WORK TO BE COMPLETED => What you return must be an exact copy of the lines in the listing below between the line holding "this civilization reached" and the line holding "technician smiling with", inclusive, and nothing more.

SUPPLIED RECORDS =>
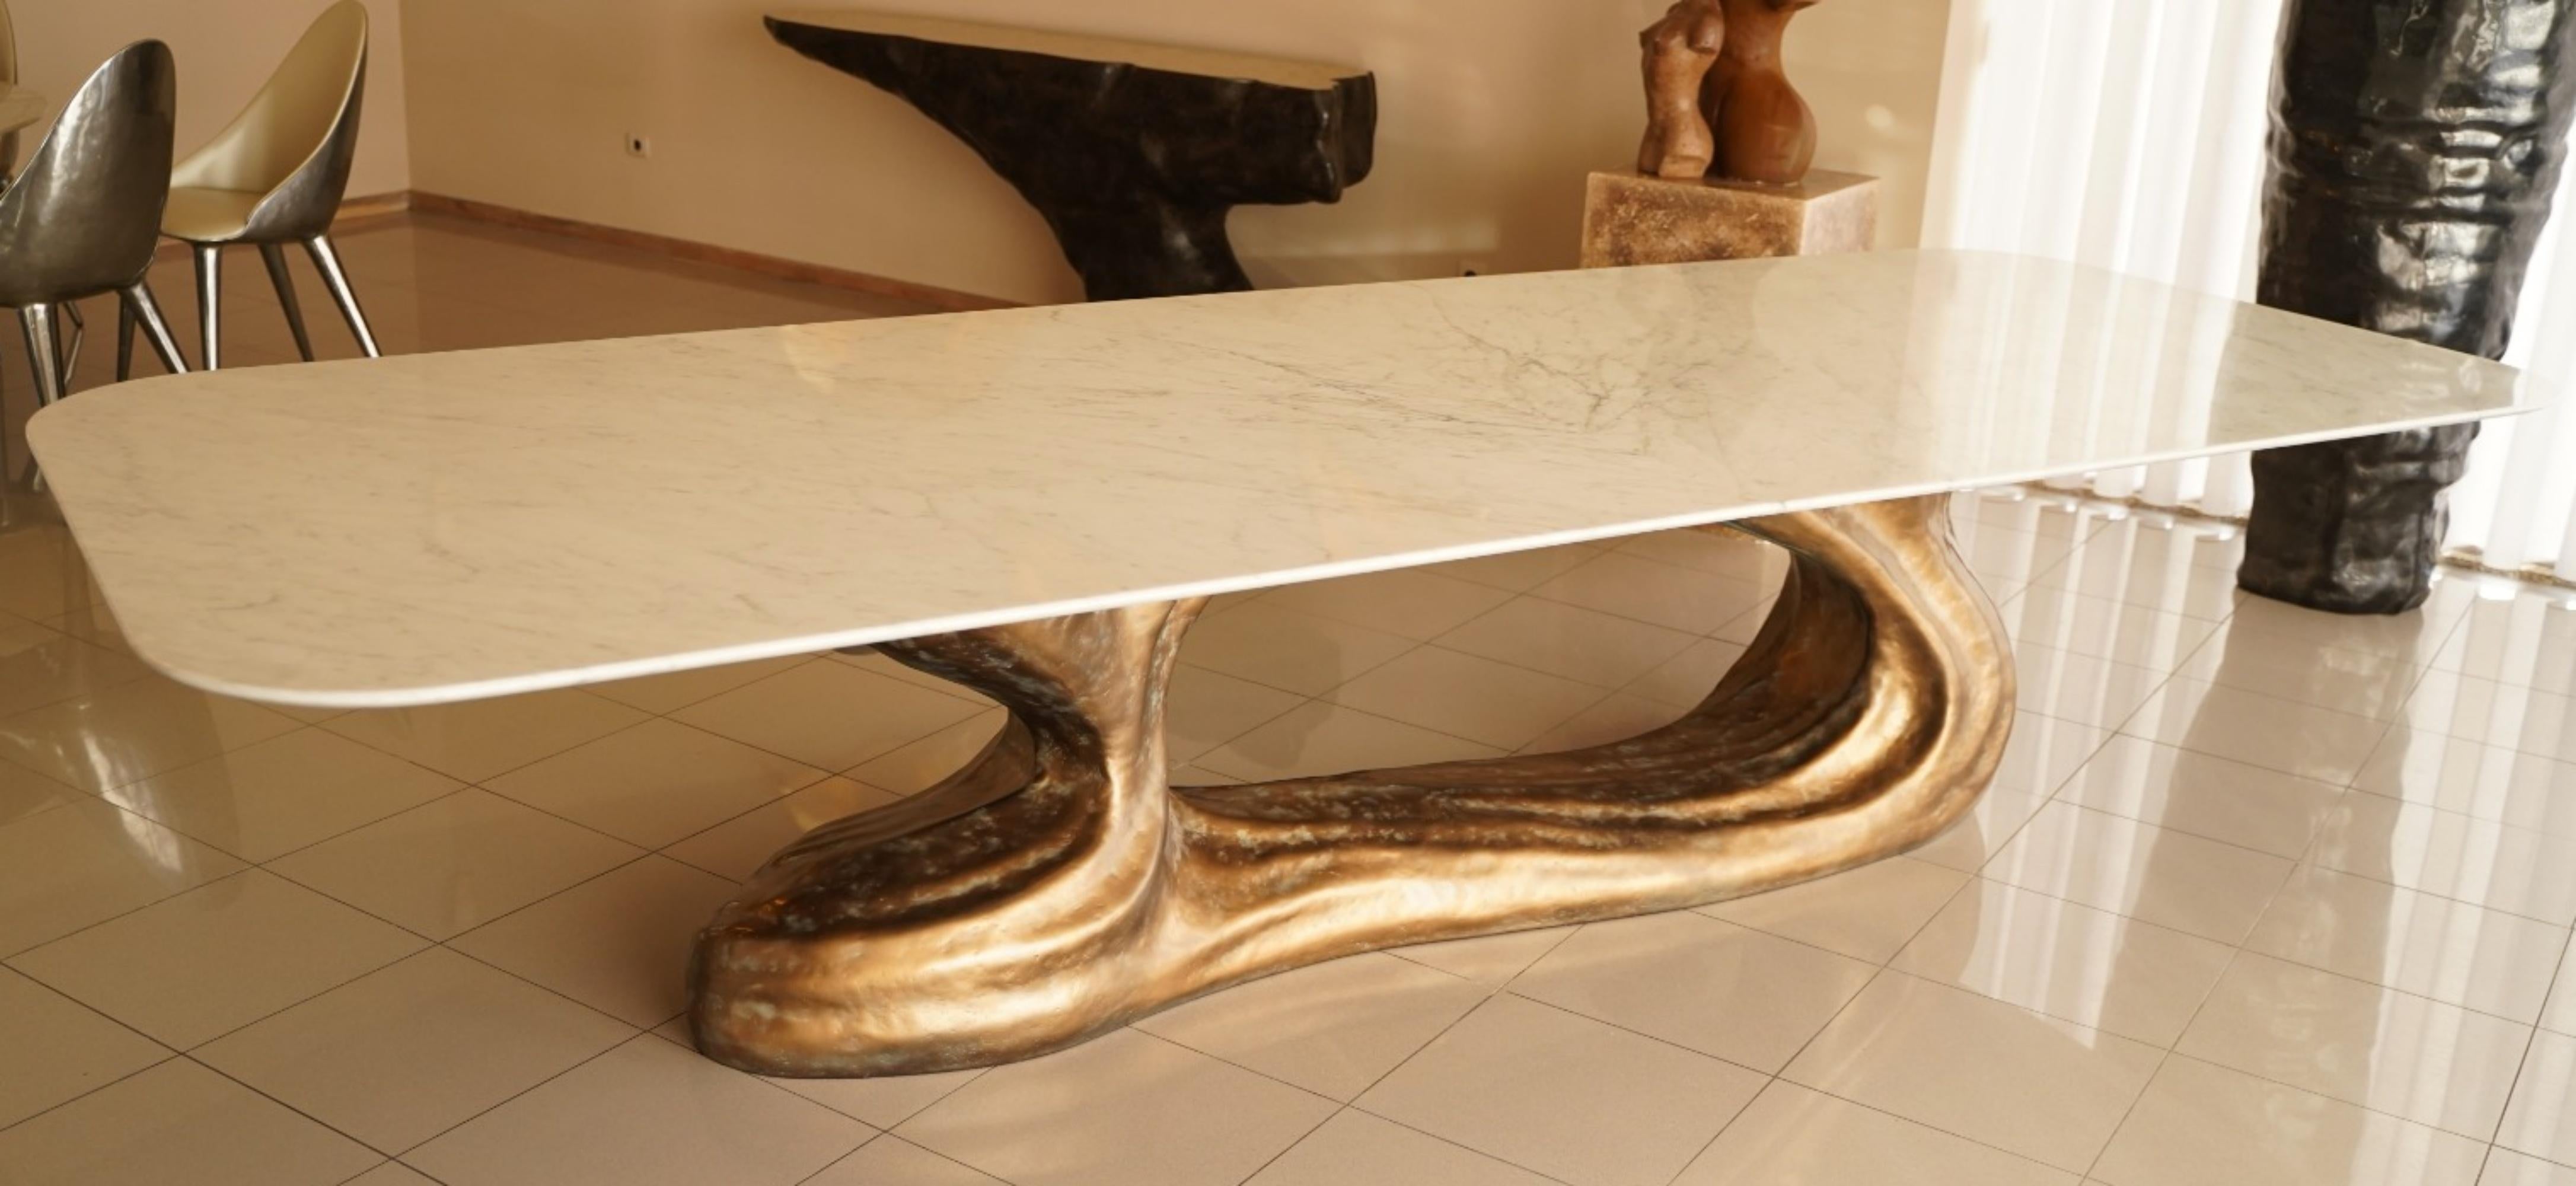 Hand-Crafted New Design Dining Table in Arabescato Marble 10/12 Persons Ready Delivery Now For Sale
* * *
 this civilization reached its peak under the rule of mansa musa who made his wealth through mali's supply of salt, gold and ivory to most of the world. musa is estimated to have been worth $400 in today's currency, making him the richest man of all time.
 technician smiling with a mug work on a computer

PROBLEM SOLUTION =>
 this civilization reached its peak under the rule of mansa musa who made his wealth through mali's supply of salt, gold and ivory to most of the world. musa is estimated to have been worth $400 in today's currency, making him the richest man of all time.
 technician smiling with a mug work on a computer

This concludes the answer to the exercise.